▶ Your goal: Which lines run from the start of the material below through the line containing "thumbnail - Volantino"? Retype them exactly, pictures excluded.

▶ Dataset excerpt:

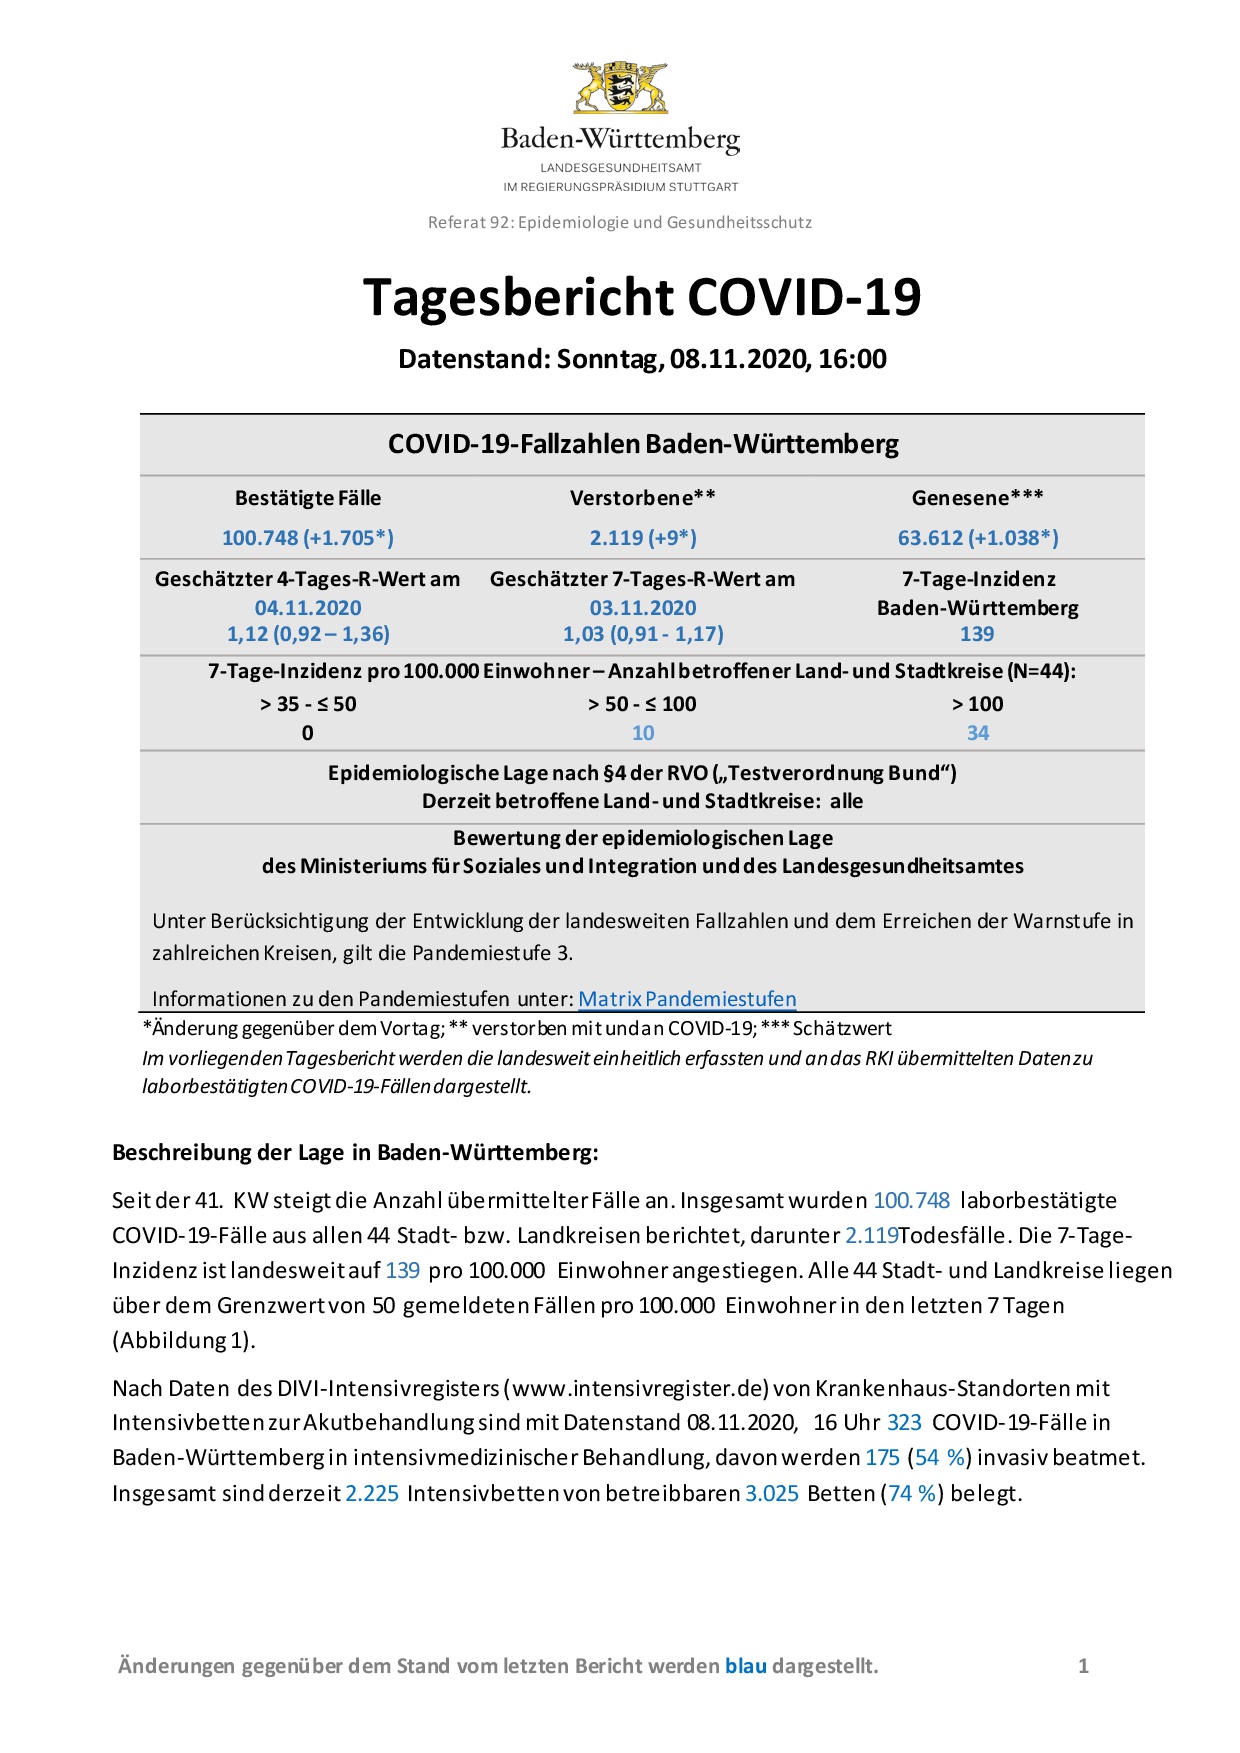 COVID-19 Tagesbericht (08.11.2020) des Landesgesundheitsamts Baden-Württemberg – (ausführlicher)
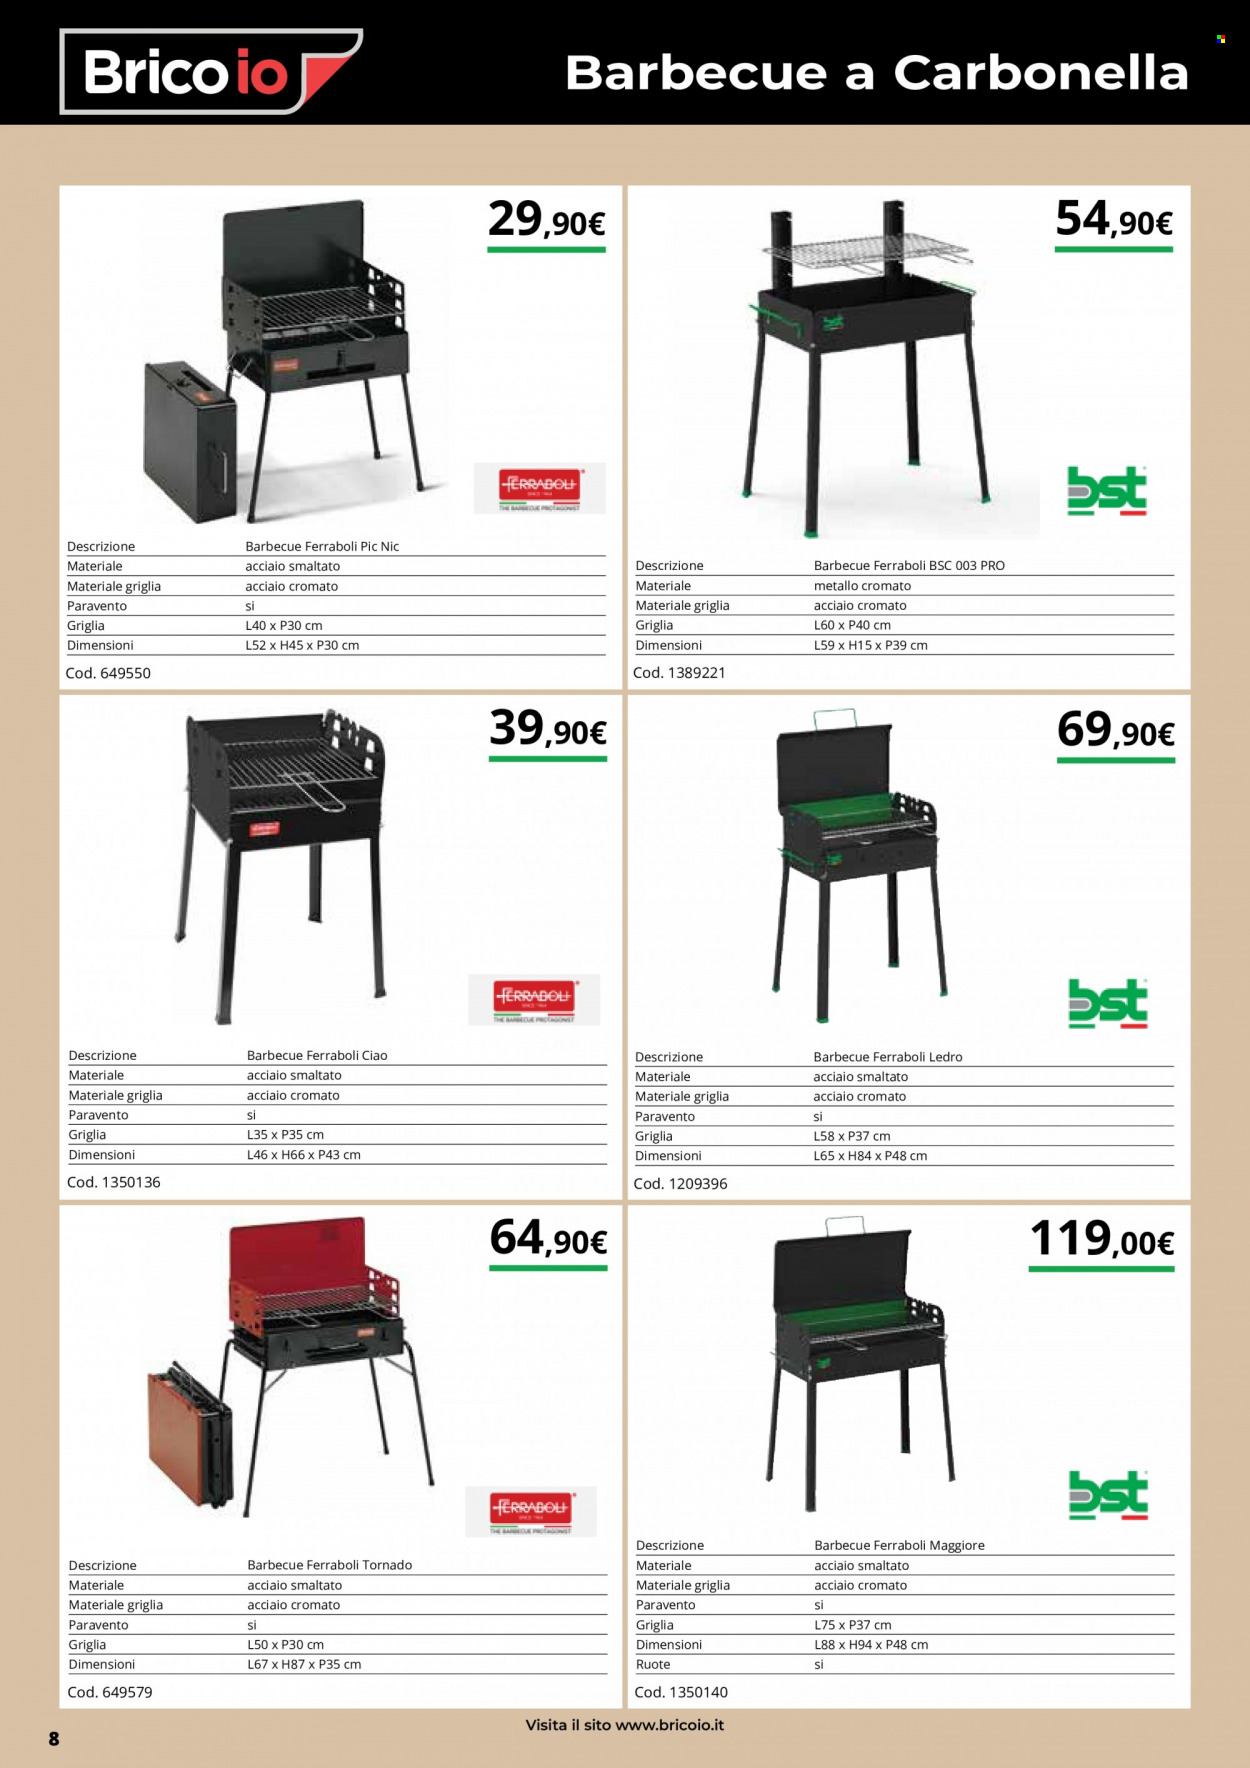 thumbnail - Volantino Brico io - 19/4/2022 - 31/8/2022 - Prodotti in offerta - carbonella, barbecue a carbonella, barbecue. Pagina 8.
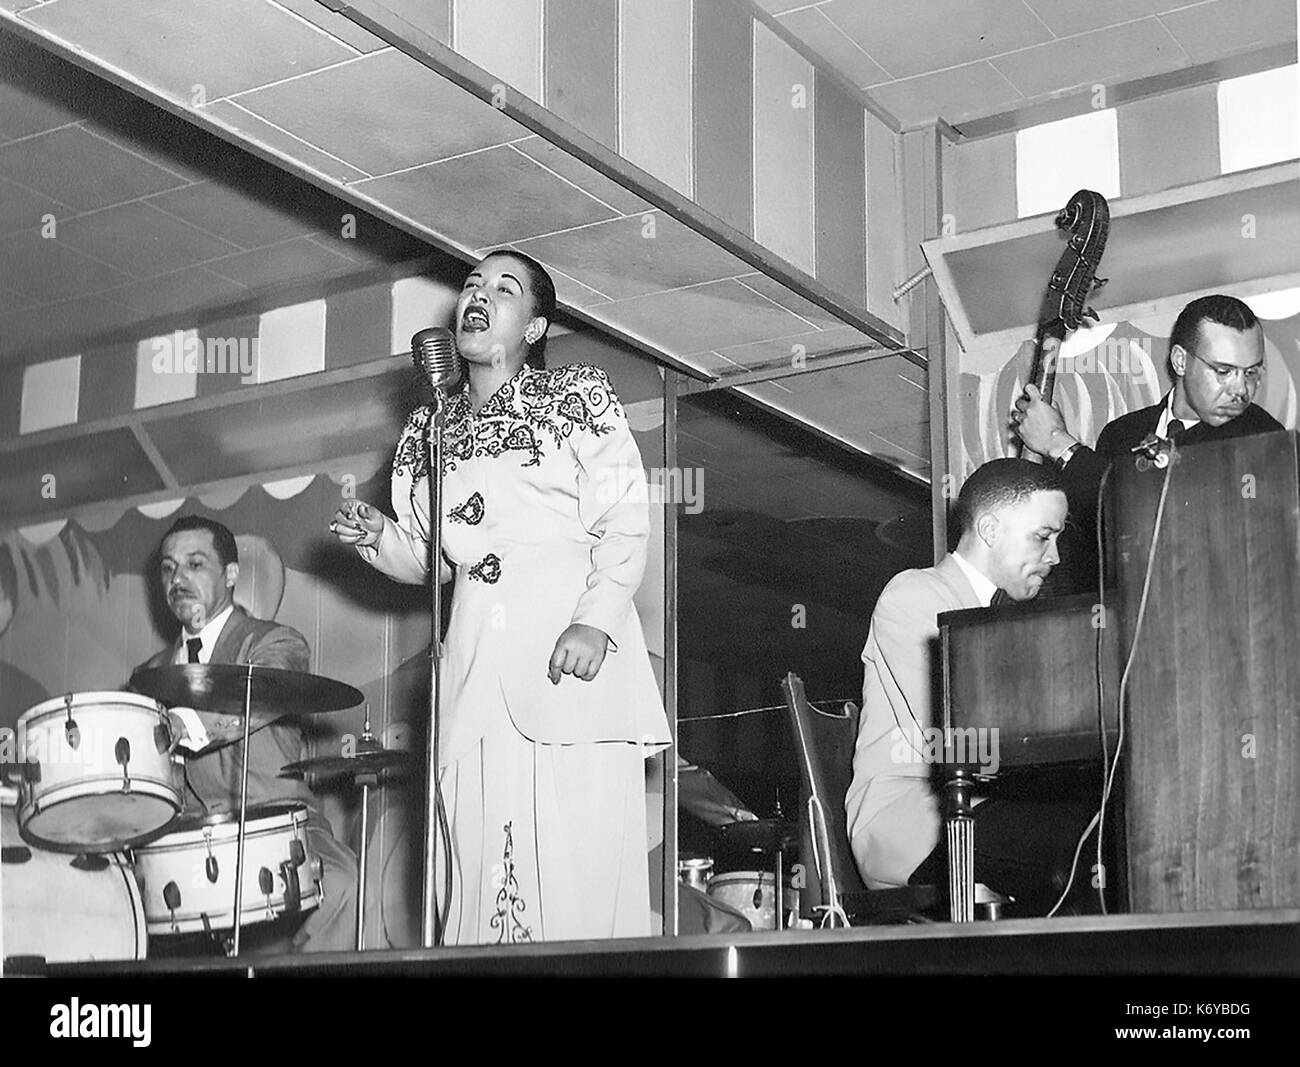 Billie HOLLIDAY (1915-1959) chanteuse américaine de jazz et de blues vers 1949 Banque D'Images
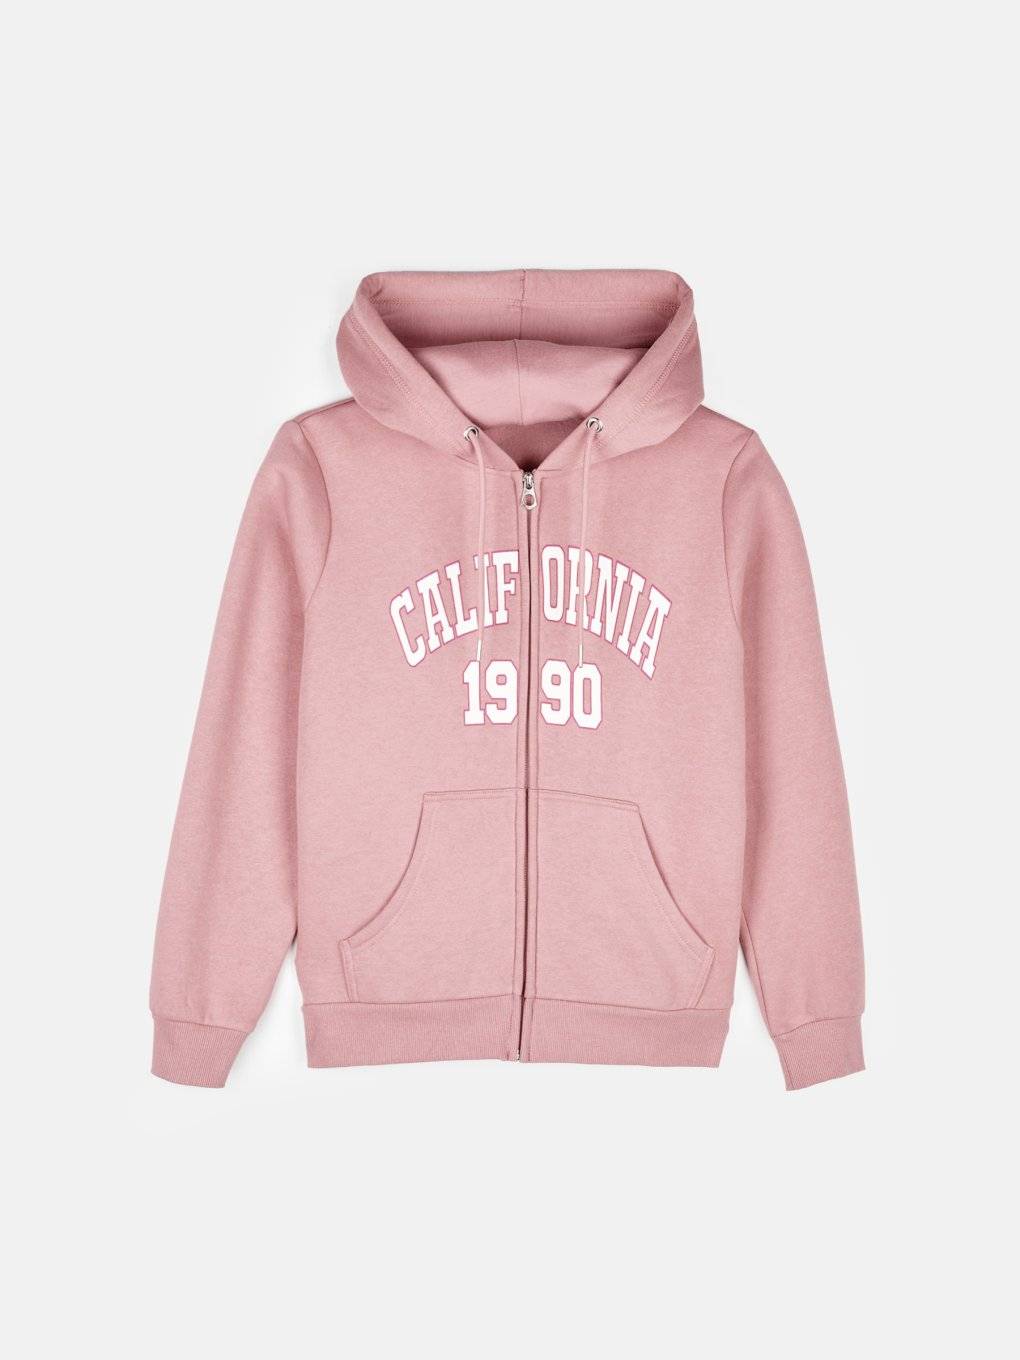 Zip up hoodie with print

▶ Problem solution:
 COVID-19 Tagesbericht (08.11.2020) des Landesgesundheitsamts Baden-Württemberg – (ausführlicher)
 thumbnail - Volantino Brico io - 19/4/2022 - 31/8/2022 - Prodotti in offerta - carbonella, barbecue a carbonella, barbecue. Pagina 8.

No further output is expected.